Limitations & Future Work

  • Still relies on connected component analysis for instance extraction; the ability to separate adjacent fields is limited by boundary prediction quality.
  • Uses only bi-temporal inputs, ignoring full time-series information (e.g., as used in PASTIS).
  • Evaluated only on 10m Sentinel-2; transferability to higher resolutions (e.g., 3m PlanetScope) is not fully verified.
  • National maps cover only 5 countries; global scalability requires verification across more geographies.
  • vs.
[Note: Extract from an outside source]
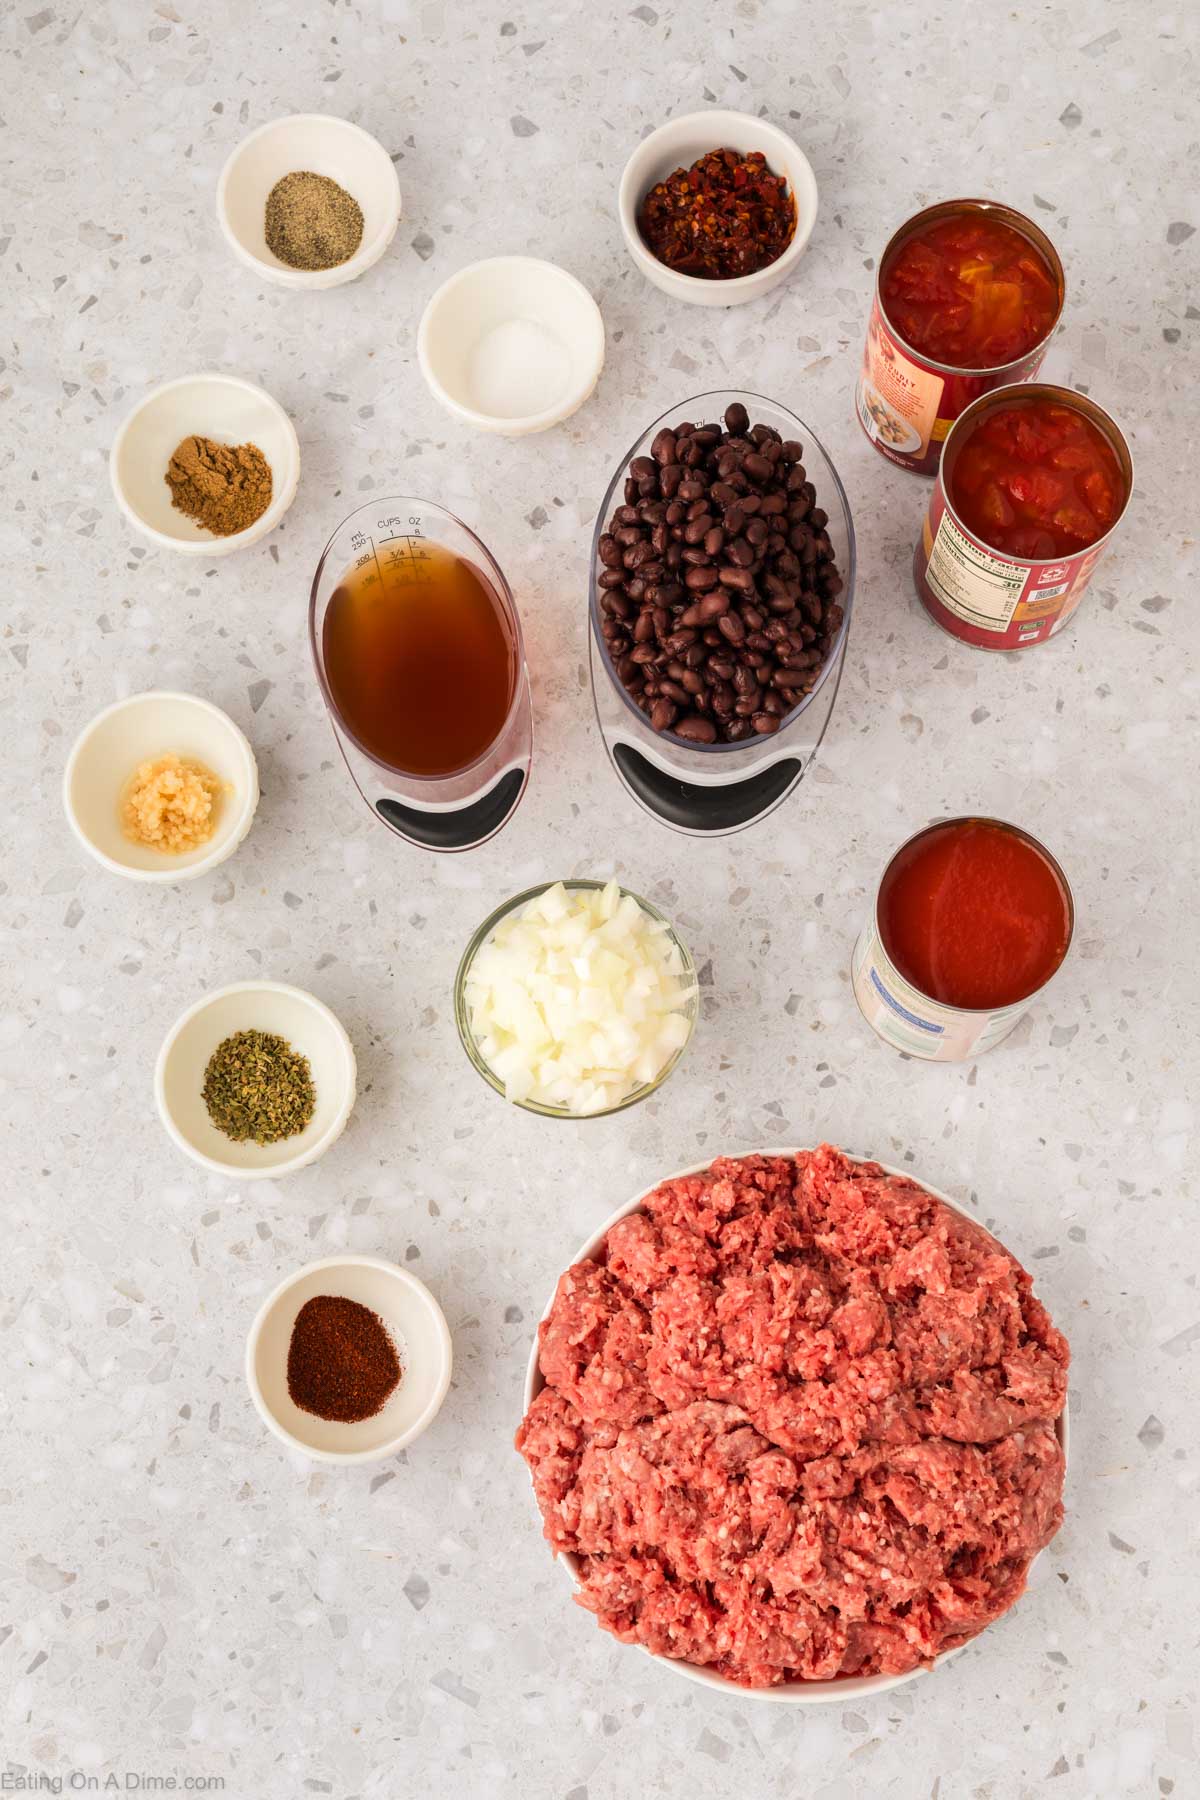 Ingredients for Chipotle Chili - Ground Beef, Onion, Garlic, diced tomatoes, tomato sauce, black beans, chipotle chiles peppers, beef broth, chili powder, oregano, cumin, salt and pepper

FTW Baseline: PRUE improves IoU by 6% and F1 by 9% via systematic optimization.
  • vs. GFMs: GFMs provide strong representations but lack resolution and have throughputs 1-2 orders of magnitude lower.
  • vs. Delineate Anything: YOLOv11-based instance segmentation yields poor zero-shot results (IoU=0.37), indicating that task-specific training remains necessary.

Rating

  • Novelty: ⭐⭐⭐ No new modules, but original contribution in robustness metrics and systematic optimization.
  • Experimental Thoroughness: ⭐⭐⭐⭐⭐ Comprehensive comparison of 18 models and deep ablation across multiple dimensions.
  • Writing Quality: ⭐⭐⭐⭐ Clear structure and convincing motivation for deployment metrics.
  • Value: ⭐⭐⭐⭐ High practical value for the RS community, providing reproducible best practices.